Она с пристрастием оглядела по очереди Васю, Мишу, меня, как бы взвешивая – почтенные мы или не очень, и, ни слова не говоря, удалилась.

Видимо, решив, что более или менее почтенные, она вернулась через пять минут с громадным тортом – торт «Киевский», «прямо из Киева», правда, уже не целый, его кто-то из знаменитых артистов не смог доесть, поскольку в нем, в этом киевском торте, устроили муравейник черные мураши.

– Какое полезное соседство, – сказал Миша, гоняя муравьев по торту, – сулящее множество интересных встреч, мероприятий и знакомств!

Далее с ее стола к нам пошли перекочевывать огурцы, помидоры «прямо из Симферополя», черешня, козье молоко, творог. Она же продукты закупала – тоннами! Коньяк там за стенкой лился – армянский – рекой!

– Вася! Миша! Я не киношник! Я человек театра! – она говорила. – Я десять лет была директором в Тамбовском театре! О, это золотые времена! У меня две родные сестры в Тамбове, и обе – почтенные люди. Миша! Возьмите грецких орехов! У меня шесть мешков – колите и кушайте!

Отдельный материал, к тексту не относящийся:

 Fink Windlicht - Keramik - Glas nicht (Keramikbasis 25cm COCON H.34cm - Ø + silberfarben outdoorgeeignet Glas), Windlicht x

Она не могла не осыпать благодеяниями, раз уж ты попался ей под руку. Она плохо себя чувствовала, если ей казалось, что ты еще не достаточно осыпан. Сколько раз увидит, столько осыплет, но при одном условии: ты хоть в какой-то мере должен соответствовать ее представлению о том, что такое почтенный человек.

Делала она это полностью бескорыстно, ей от нас ничего не было нужно, кроме стульев и стаканов.

– Миша! Можно у вас одолжить стул… на одно лицо? – спрашивала Люба, и с этим вопросом она могла заглянуть к нам в любое время суток.

Сама она не пила, но у нее было множество подшефных. Знаменитейшие по тем временам голоса доносились с ее веранды.

– Ну что, стаканчик налить? – это голос Любы.

И в ответ – баритон, постоянно звучавший с экранов телевизоров и кинотеатров:

– Я что, похмеляться, что ли, пришел? Я пришел пообщаться, поговорить. А ЭТО – само собой!

Причем с восходом солнца она всегда свежая, в цветастом платье, под мышкой коричневая картонная папка: «ДЕЛО № 4. Ричард Львиное Сердце», тук-тук-тук – по асфальту на высоченных каблуках.

– Ты что так поздно встаешь? – воспитывала она Васю. – Я с шести часов на ногах! Все дела нужно делать до десяти утра, а после десяти выпивать!

Она никогда не купалась, не загорала, к пляжу она вообще относилась насмешливо и с подозрением.

– Вчера выдала Болтневу полторы тысячи, он их спустил в один вечер – угощал весь пляж, – жаловалась она.

– Вася! Миша! – кричала она, дефилируя по верхней набережной.

– Иди загорать! – звала ее Вася.

– Ты с ума сошла! – отвечала та, потрясая картонной папкой. – Вы не видели мою артистку – исполнительницу прекрасной Эдит?

– Она уехала на экскурсию с какой-то негритянкой на биостанцию – смотреть морских котиков!

– Ангел ты мой! – хваталась за голову Люба. – С какой негритянкой? Это мужчина, нубиец, переодетый шотландский рыцарь Спящего Леопарда! У них по программе ровно через пять минут любовная сцена в шатре у крестоносцев! При чем тут морские котики?!

– Хорошо быть негром – всегда веселый, всегда хорошо выглядишь, не видно синяков под глазами! А только ослепительная улыбка и – пой, танцуй и играй на барабане… – говорил Миша, приподнимая над головой свою белую войлочную шляпу и кланяясь Любе.

Она ведала всем. В этом крымском крестовом походе все находилось под ее контролем. Если над Тихой бухтой, где разбил свои шатры лагерь крестоносцев, нависли тучи, а это противоречило замыслу режиссера, по Любиной наводке разгонять их поднимался из Симферопольского аэропорта отряд вертолетов. Под ее неусыпным оком Тихая коктебельская Бухта из последних сил изображала гористые стремнины Иордана, и если бы для съемки режиссеру понадобился натуральный Гроб Господень, Любе доставили бы его «прямо из Иерусалима», чтобы картина выглядела достоверней.